My favorite form in Tang Soo Do...I have two: 
   1) Pyong-ahn O Dan
   2) Pal Che so (however u spell it)

Favorite technique:
    Igi Kwan Soo Kyong Kyung. I think that is spelled right.

Favorite combination:
     Ahp Cha-go, Ee Dan Yup Cha-go, Dwi Cha-gi.

Favorite Il Soo Sik:
   Number 9 Red belt

Favorite Ho Sin Sol:
    #4 gup modified. What I mean by this is that it starts the same as #4 gup. when done, step to the inside of opponent with the leg that is the same as the side that was grabbed, turn under the arm, yank down, throwing opponent down to the floor.

oh. I am a Sam Dan in TaeKwonDo and a 3rd gup in Tang Soo Do (red belt). hopefully in a week, i shall pass my testing and become a 2nd gup. weee.


----------



## karatekid1975 (Jan 17, 2003)

Hey  Juche02, 

I'm the other way around. I did TSD first (then I moved  I miss it). Then I got into a TKD McDojang. Now I do Tae Kwon Do Moo Duk Kwan. Very similar to TSD, so I'm happy


----------



## Shinzu (Jan 18, 2003)

hey juche02... nice to hear from another TSD'er 

i just finished learning niahanchi sam dan & sip soo.  forms are my favorite and self defense also.  where do you study?

TANG SOO!


----------



## Yossarian75 (Jan 18, 2003)

I must admit I love breaking, great fun.

Im really enjoying analysing our Hyung for applications.

My favourite Hyung are Naihanchi Cho dan(great applications), Bassai and Sip Soo.
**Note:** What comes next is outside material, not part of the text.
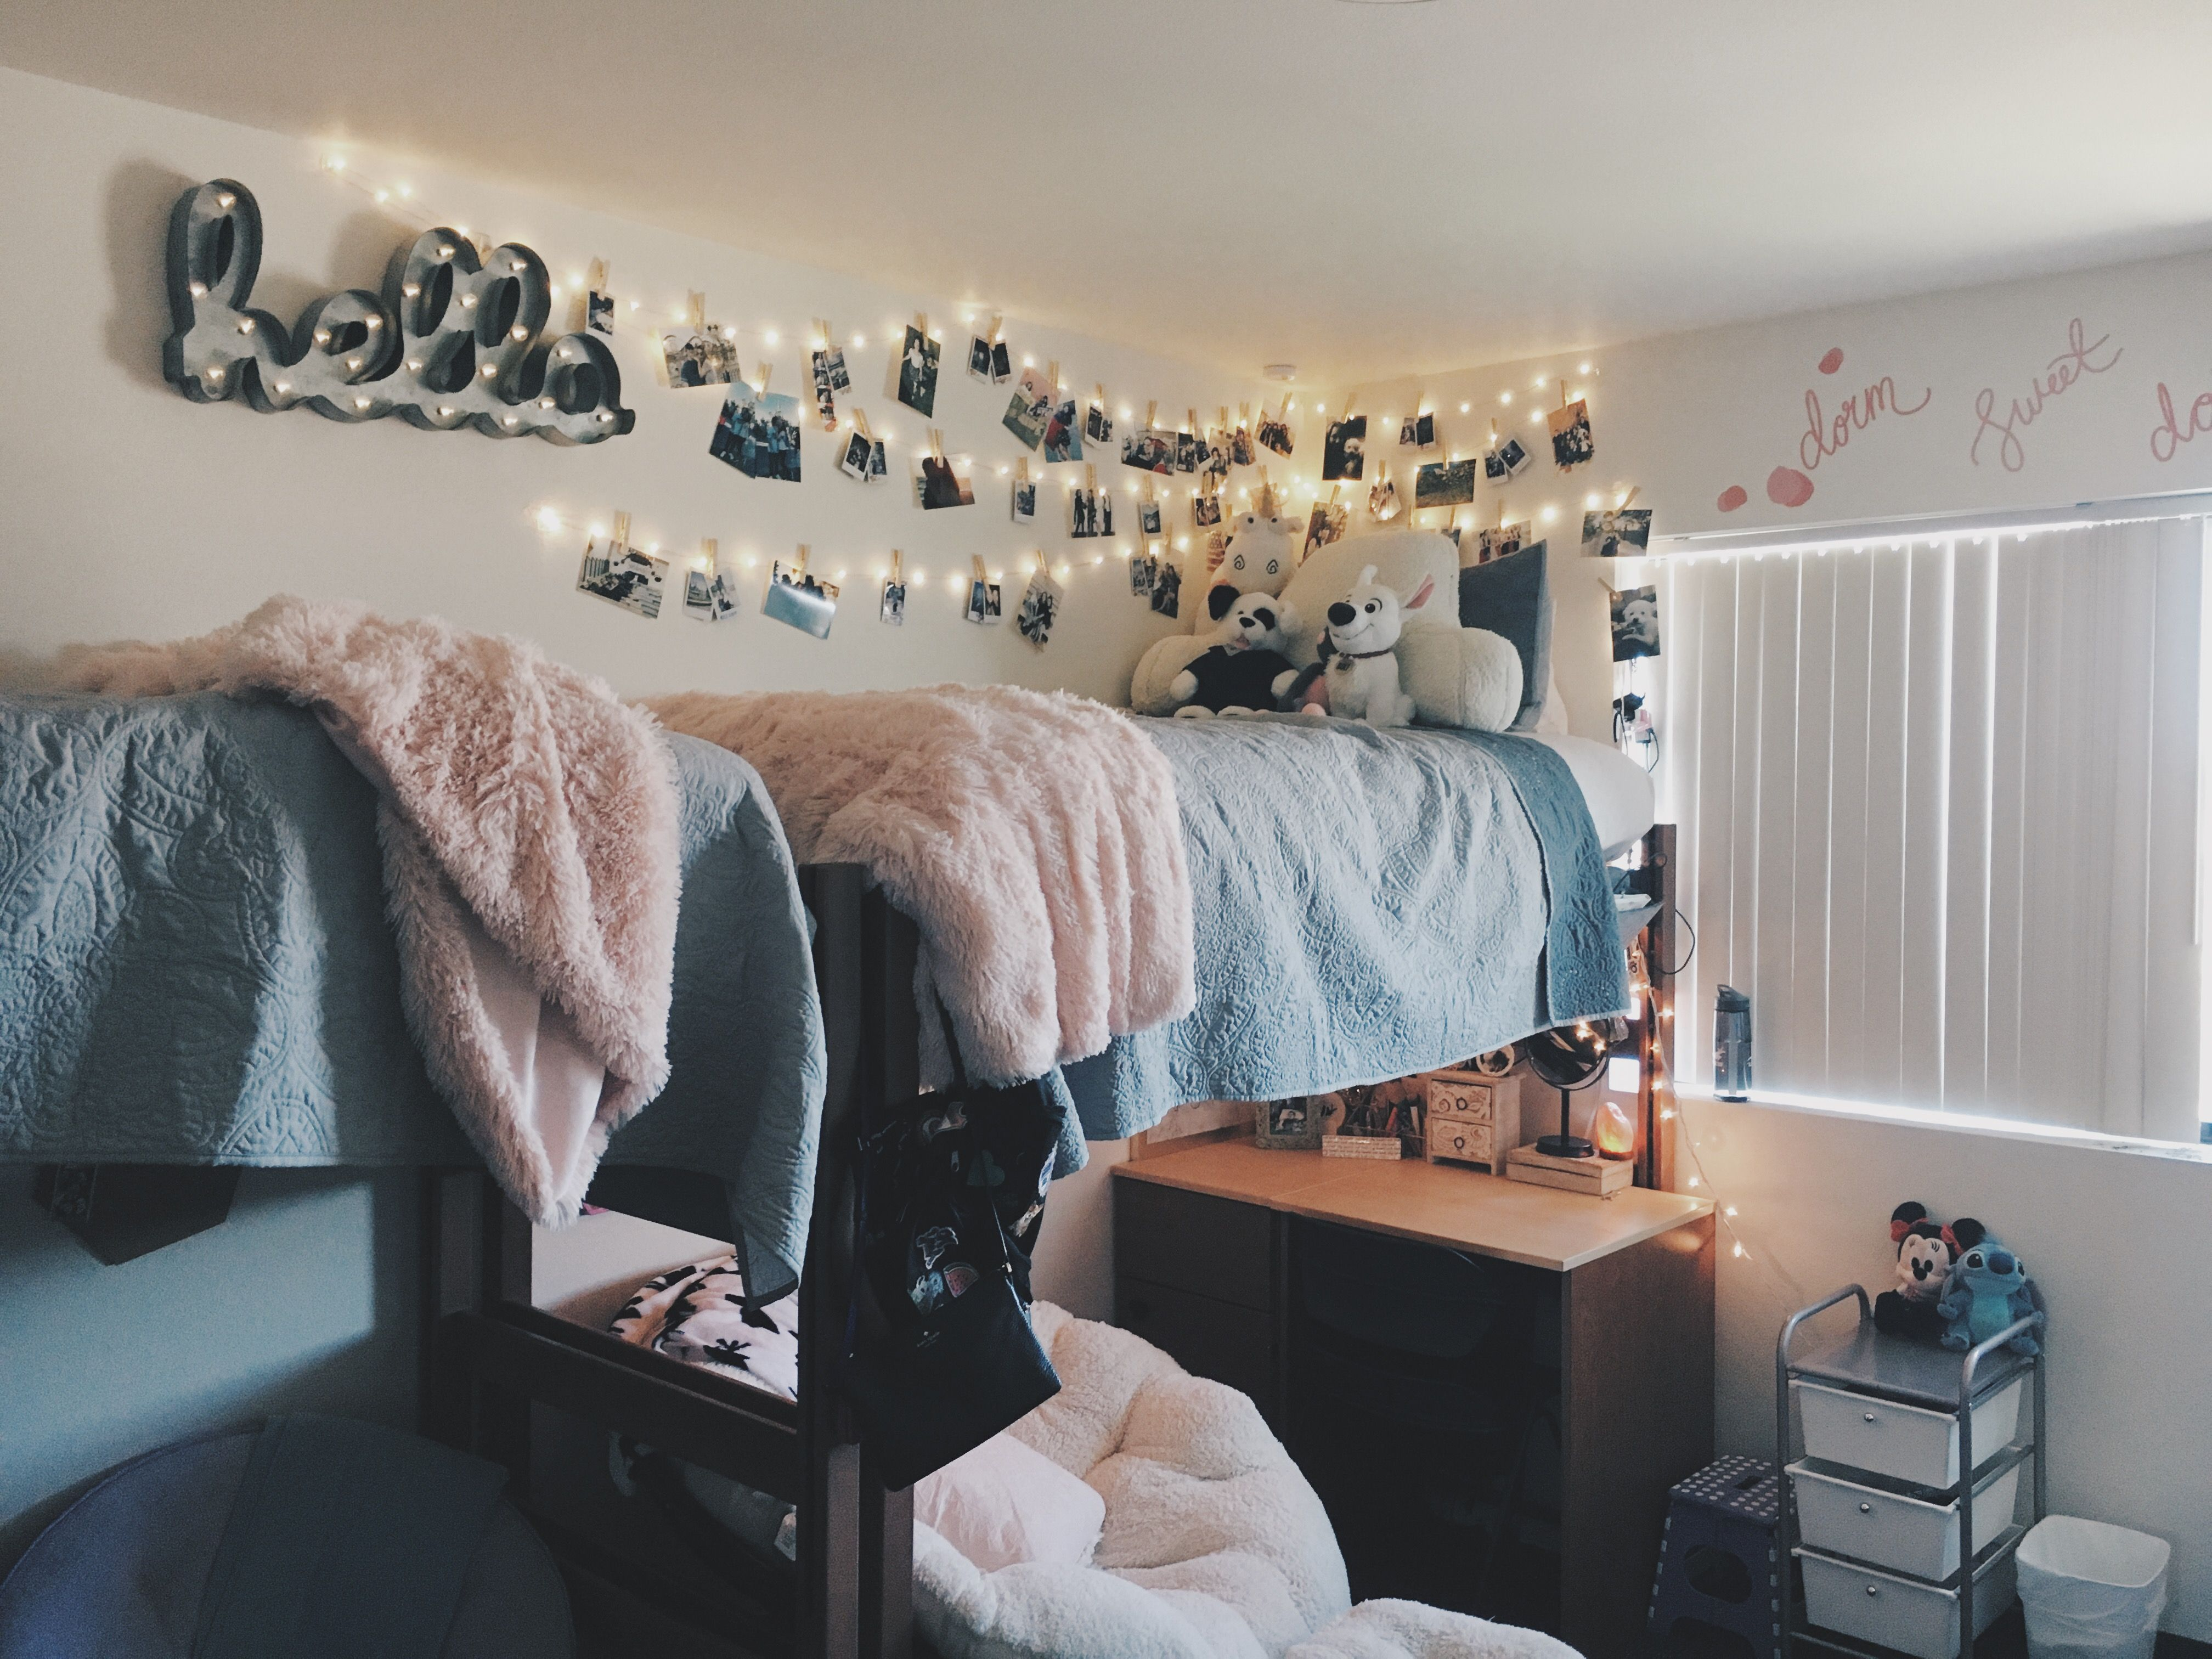 My Dorm Room At Grand Canyon University Dorm Dormroom Gcu Dorm Room Decor Dorm Room Inspiration College Room

My school is in the process of introducing the first few Chil Sung Hyung which I am looking forward to learning.


----------



## Juche02 (Jan 18, 2003)

I train in Louisiana. The head instructor at my school is Sa bom nim Tullier.  I know the forms up to Sip Soo, even though I am only a 3rd gup. Because I tested into the ITF, I learned the material all the way up to black belt and then tested and received the rank of red belt. 
   Of all the forms, my favorite is still Pal Che So. people insist Pow Che De (basai) is better, but i do not share their sentiments.


----------



## Shinzu (Jan 18, 2003)

chil sung forms are excellent  my highest is chil sung sam ro.....four more to go


----------



## Juche02 (Jan 19, 2003)

In the ITF, we no longer practice the Chil Sung forms.
So I have never learned those. Pal Che So is the best.


----------



## karatekid1975 (Jan 19, 2003)

Juche02, 

Do you mean the International Tang Soo Do Fed.?


----------



## Juche02 (Jan 19, 2003)

yes. Grandmaster Kim. Tis much fun.


----------



## karatekid1975 (Jan 19, 2003)

Cool! I love that guy! He is great. He (C.S. Kim) was at one of our tournies, and he did a demo that just blew me away! I'd love to shake his hand, but he split before I got a chance. He is awsome.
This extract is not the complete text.